- Information provided:

..............................

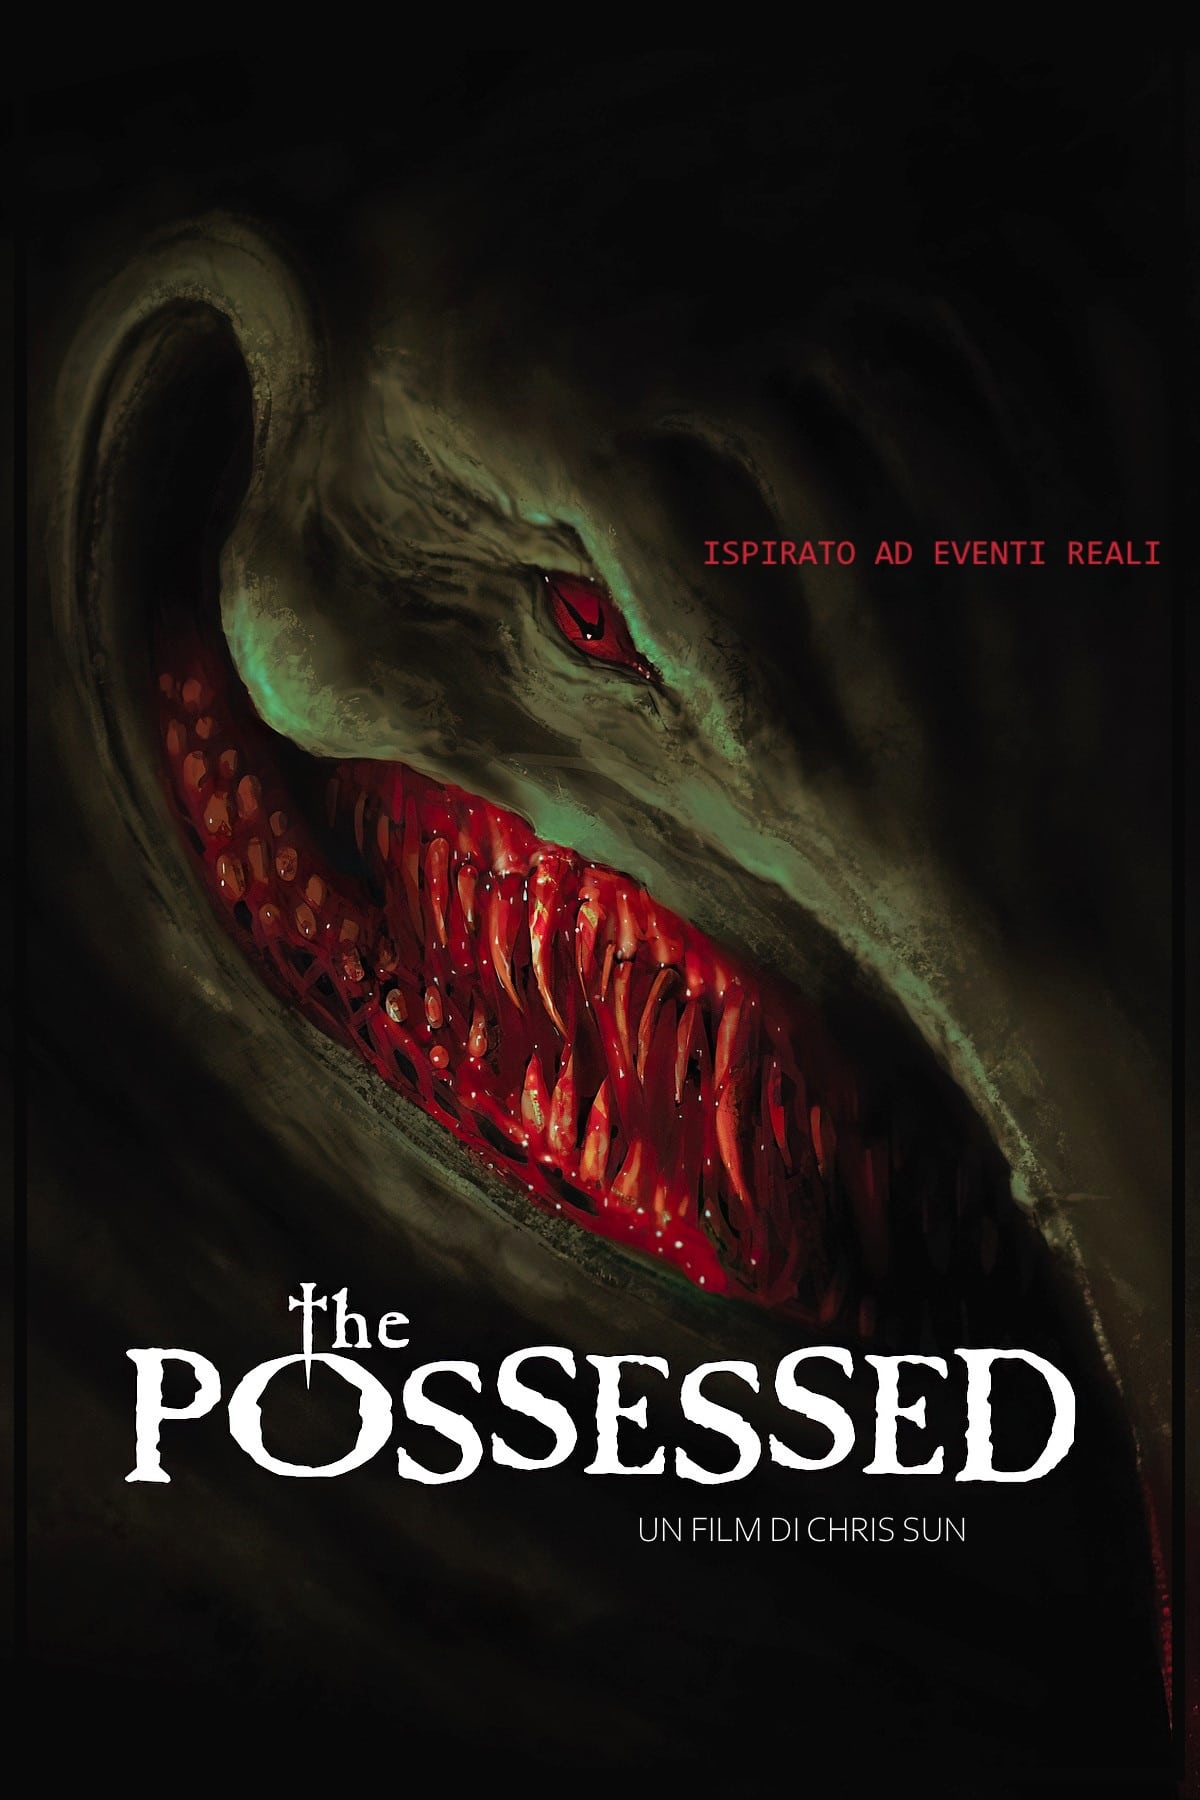 The Possessed film
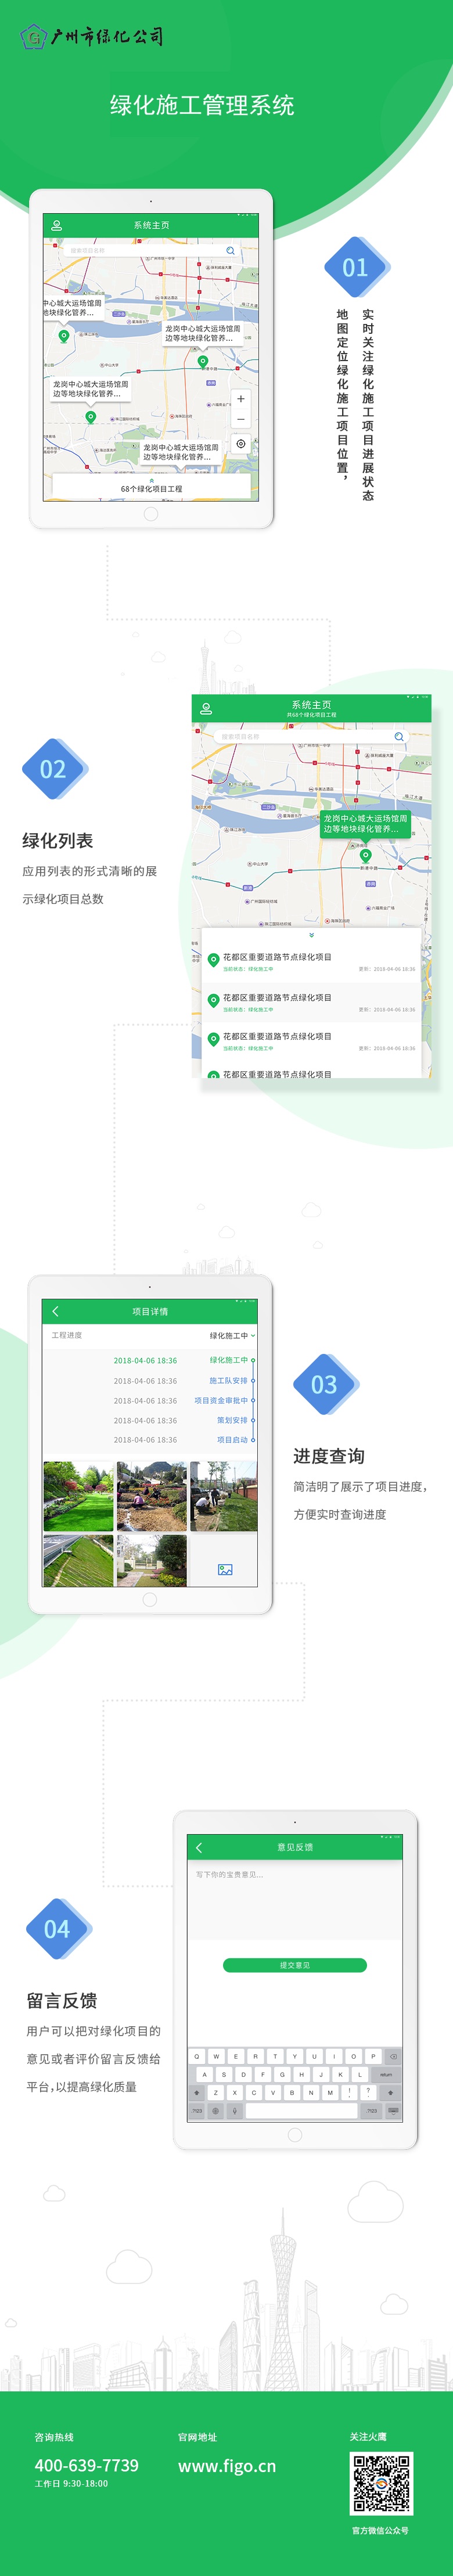 广州绿化公司-绿化施工进度管理系统
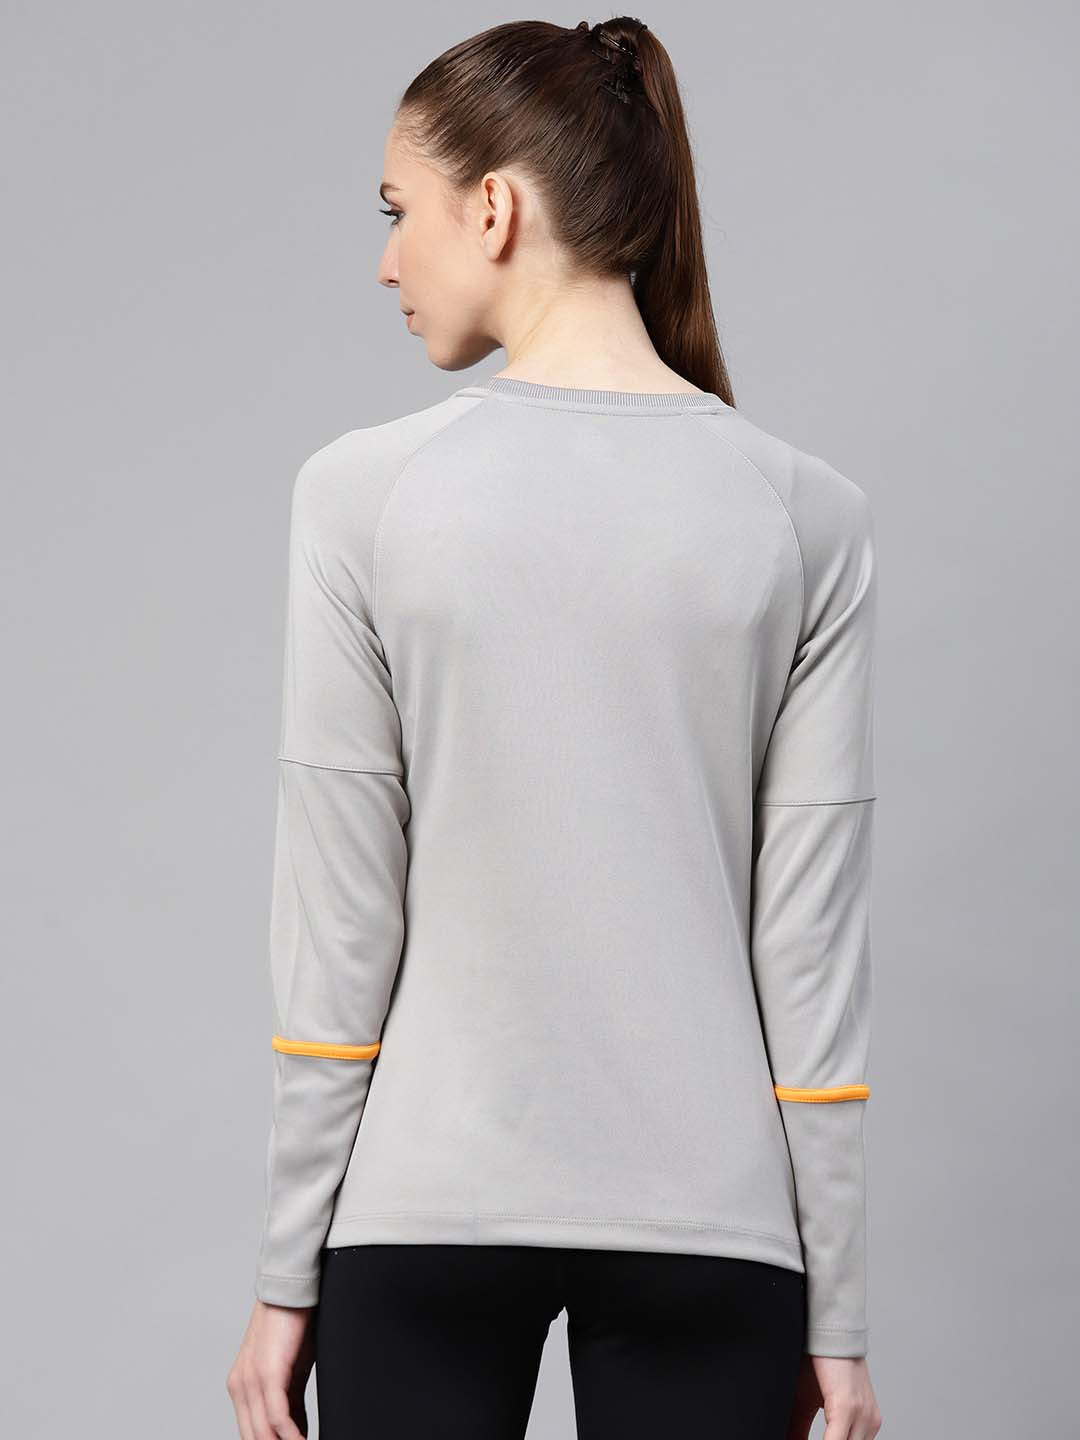 Alcis Women Grey Solid Round Neck Tennis T-shirt

..............................

- Required work: Please repeat every line of the material above exactly and without its pictures.

- Answer:
 The Possessed film
 广州绿化公司-绿化施工进度管理系统
 Alcis Women Grey Solid Round Neck Tennis T-shirt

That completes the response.